Pin It These wings have become my love language, the thing I make when I want to show up for someone or celebrate nothing at all. Theyre messy, theyre indulgent, and theyre always gone faster than I expect.
Recipe FAQs
- → How do I get extra crispy chicken wings?
For maximum crispiness, use the double-fry method: fry wings first at 150°C (300°F) for 7 minutes, let them cool completely, then fry again at 190°C (375°F) for 2-3 minutes.
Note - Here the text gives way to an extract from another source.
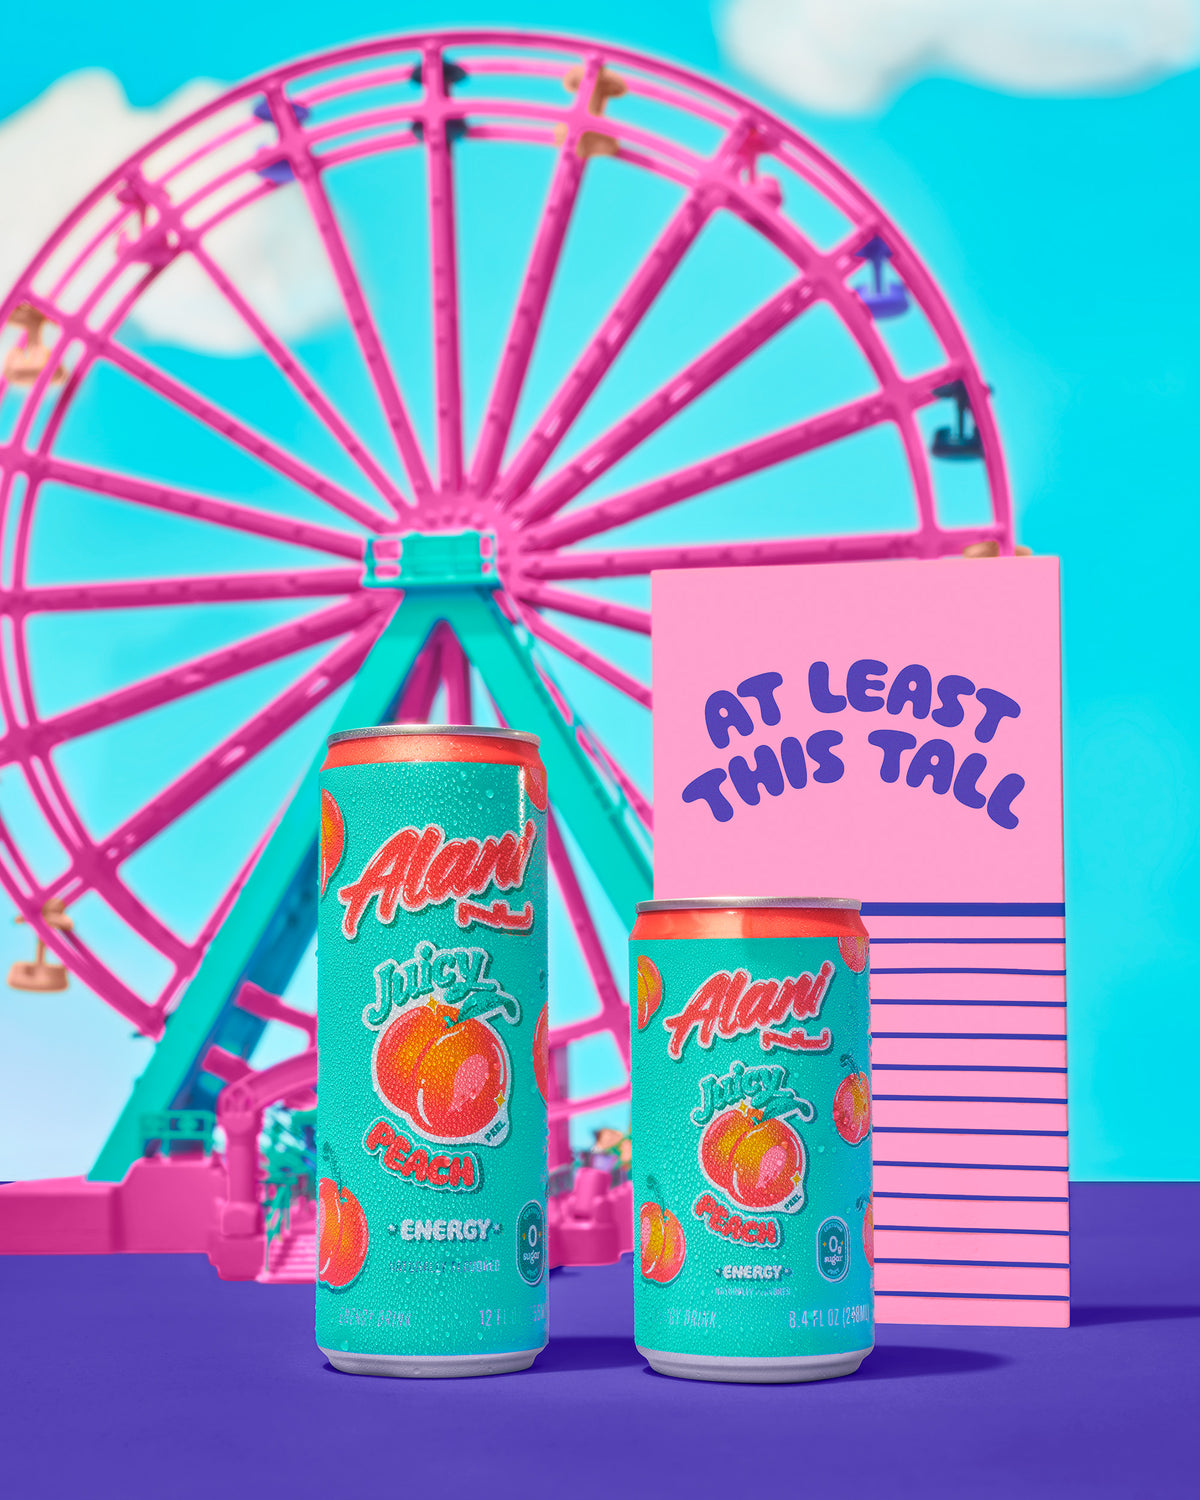 Mini Energy in Juicy Peach flavor next to a pink carousel fair ride.

The cornstarch and baking powder in the coating also help create an extra-crispy texture.
- → Can I make these wings ahead of time?
You can marinate the wings up to 24 hours in advance for deeper flavor. For best results, fry them just before serving. If you must prepare ahead, fry once, refrigerate, then do the second fry right before serving to restore crispiness.
- → What oil is best for frying chicken wings?
Use oils with high smoke points like peanut oil, sunflower oil, or vegetable oil. Peanut oil is preferred for its neutral flavor and ability to maintain consistent temperature. Avoid olive oil as it has a lower smoke point and can impart unwanted flavors.
- → How do I know when the wings are fully cooked?
Wings are done when they reach an internal temperature of 74°C (165°F) and are golden brown and crispy. They should take 8-10 minutes per batch. Use a meat thermometer to check the thickest part of the wing for food safety.
- → Can I bake these wings instead of frying?
Yes, you can bake them at 220°C (425°F) for 40-45 minutes, flipping halfway through. While baking is healthier, you won't achieve the same level of crispiness as deep frying. For better results when baking, place wings on a wire rack over a baking sheet.
- → What can I substitute for buttermilk?
Make a quick buttermilk substitute by combining 1 cup of regular milk with 1 tablespoon of lemon juice or white vinegar. Let it sit for 5 minutes to curdle before using. Plain yogurt thinned with a little milk also works well as a marinade.